= TASK PROMPT =
Only the lines from the line containing "臺北市核發建築物執照與使用執照總樓地板面積—2021 Total Floor" to the end of the material belong in the copy; set them down exactly, without pictures.
[[ COLLECTED MATERIAL open ]]
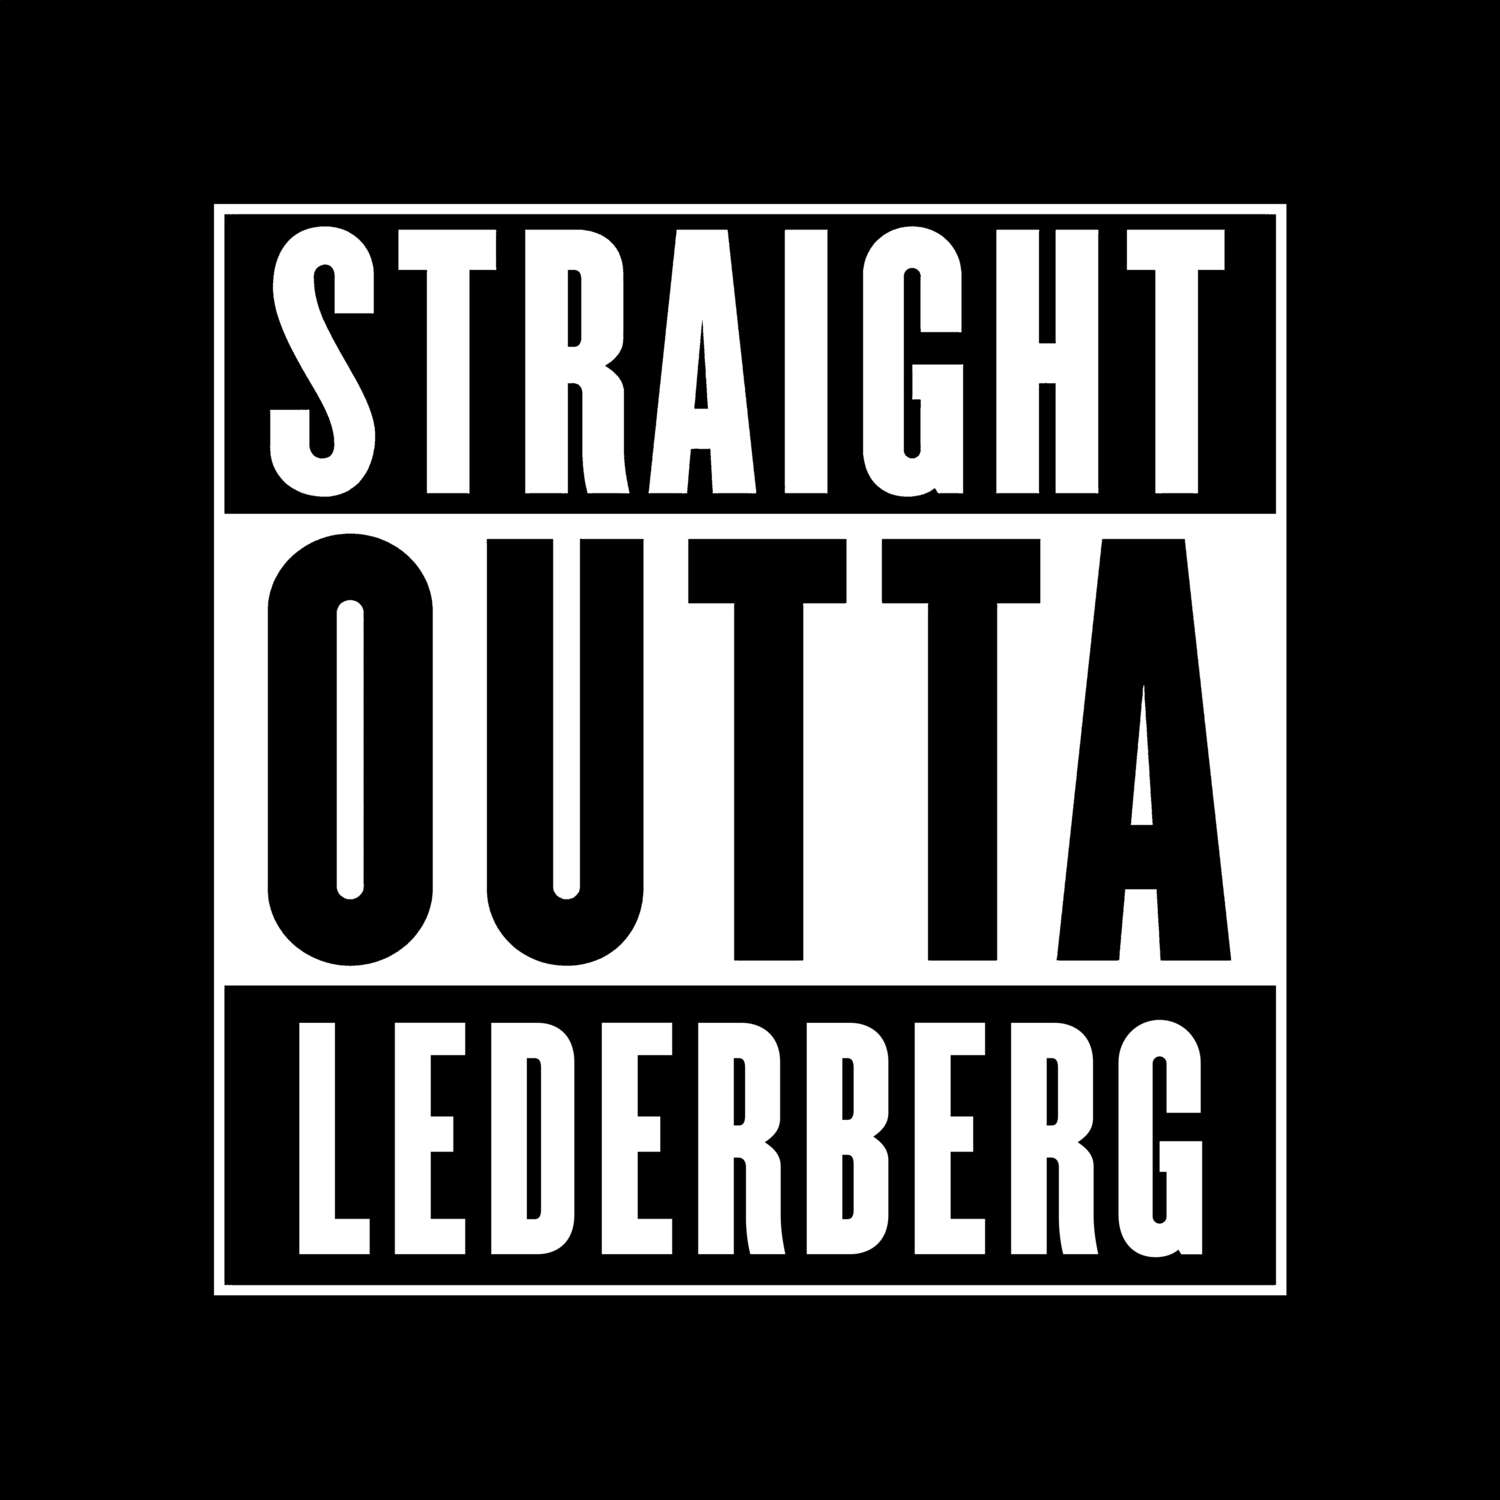 Lederberg T-Shirt »Straight Outta«
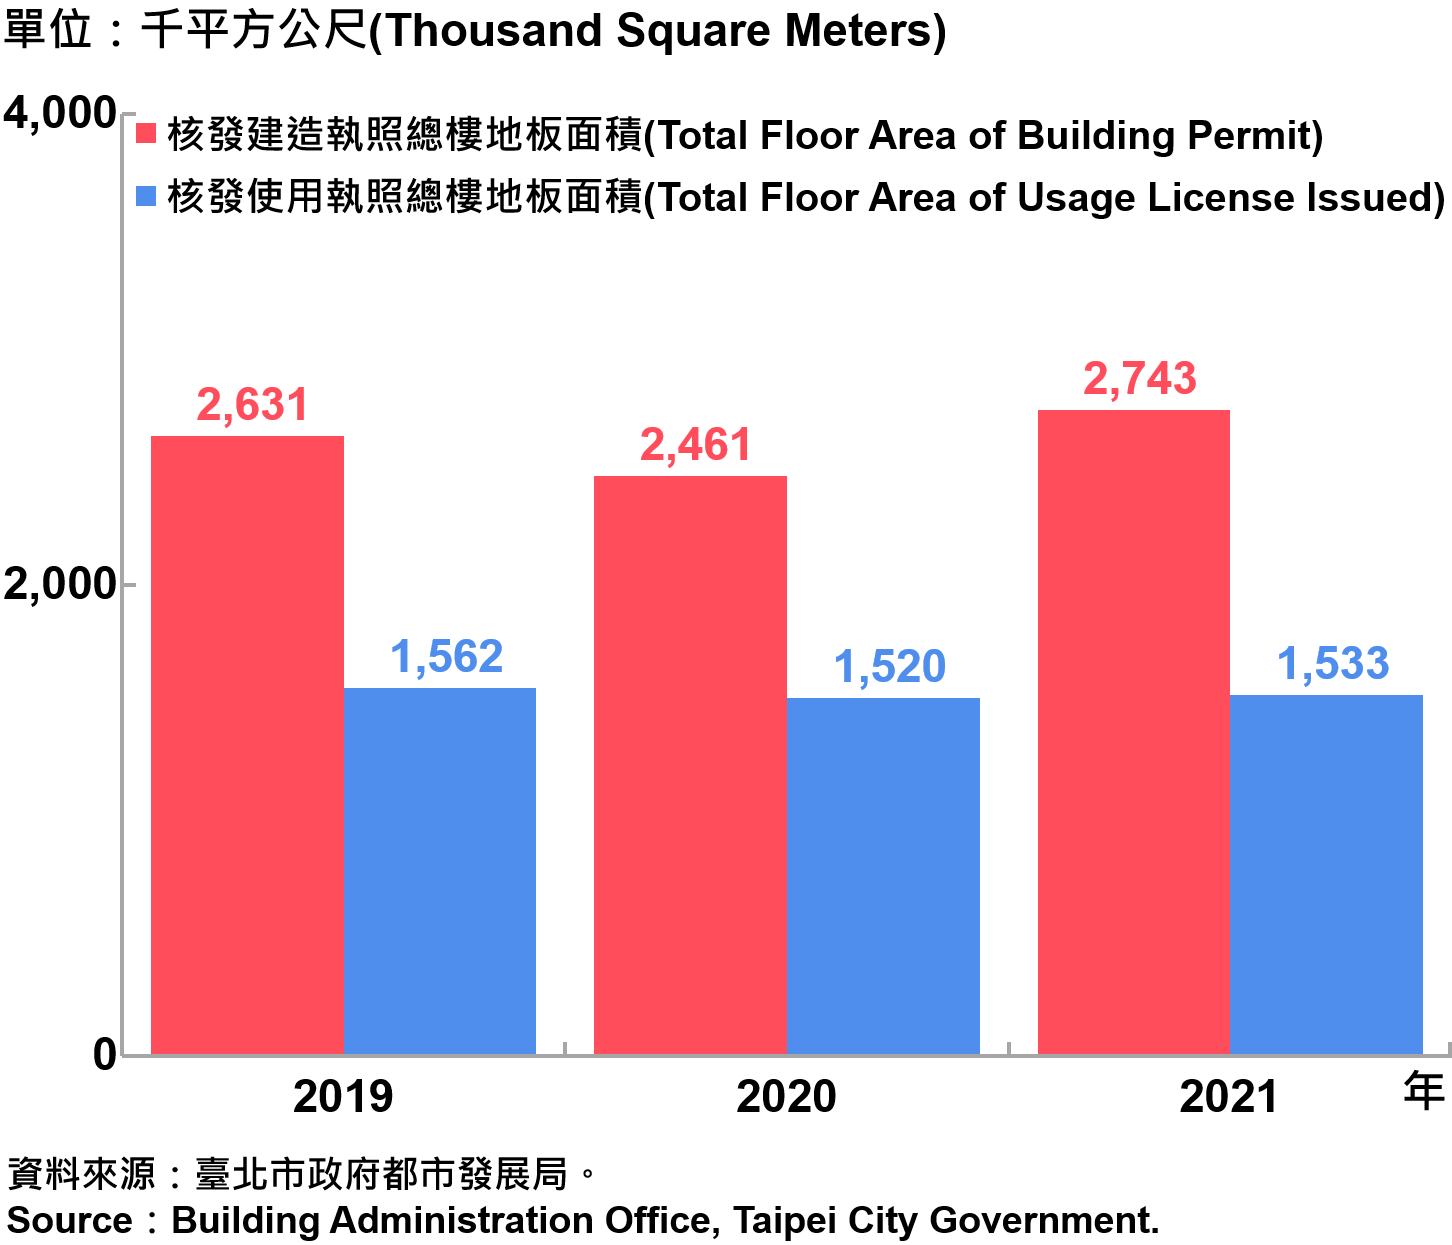 臺北市核發建築物執照與使用執照總樓地板面積—2021 Total Floor Area of Building Permit and Usage License Issued in Taipei City—2021
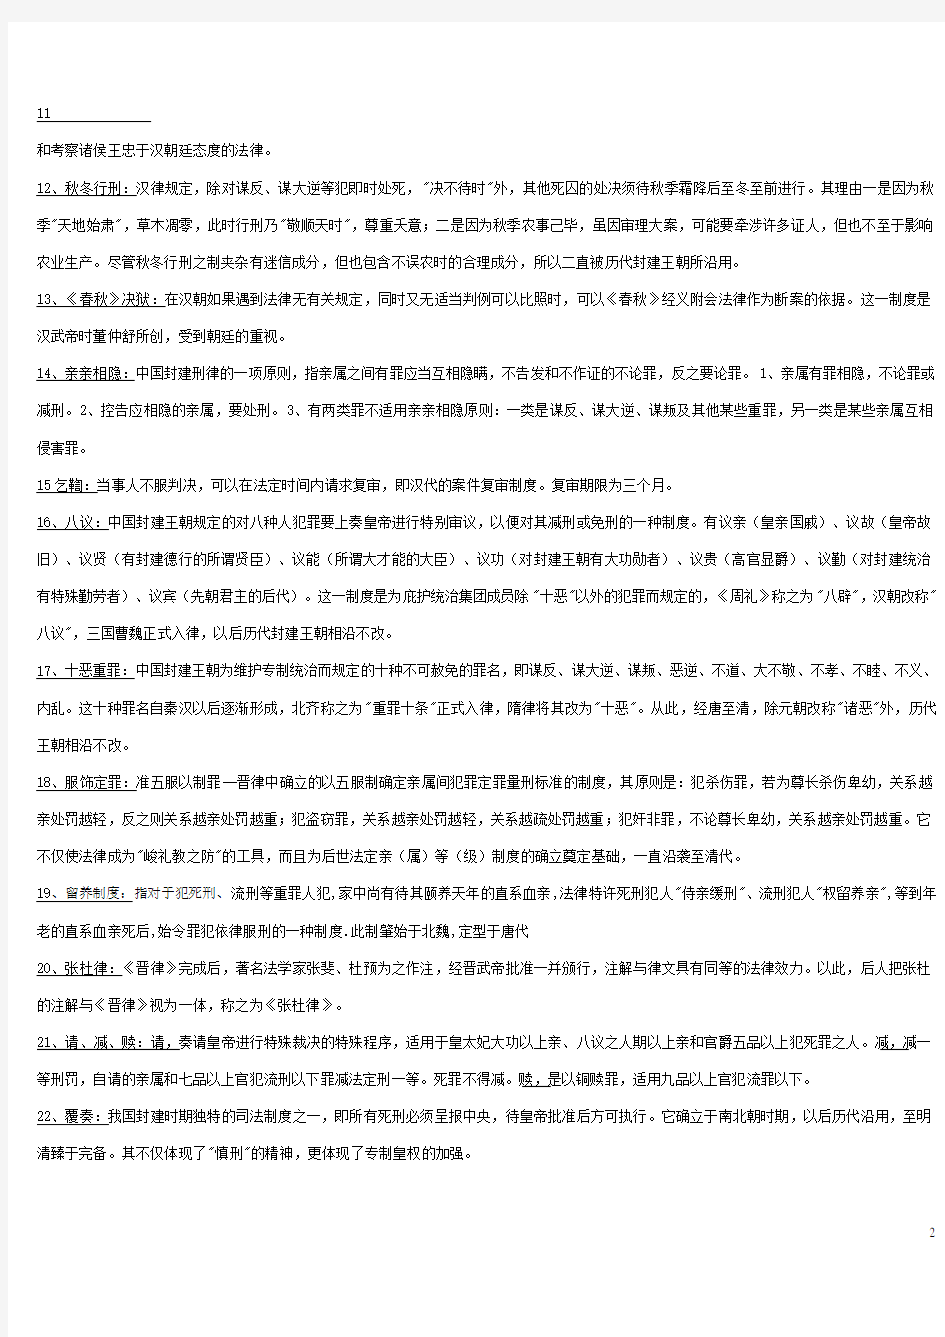 中国法制史名词解释(部分)和问答题
[[ COLLECTED MATERIAL closed ]]
= THE ANSWER =
 臺北市核發建築物執照與使用執照總樓地板面積—2021 Total Floor Area of Building Permit and Usage License Issued in Taipei City—2021
 中国法制史名词解释(部分)和问答题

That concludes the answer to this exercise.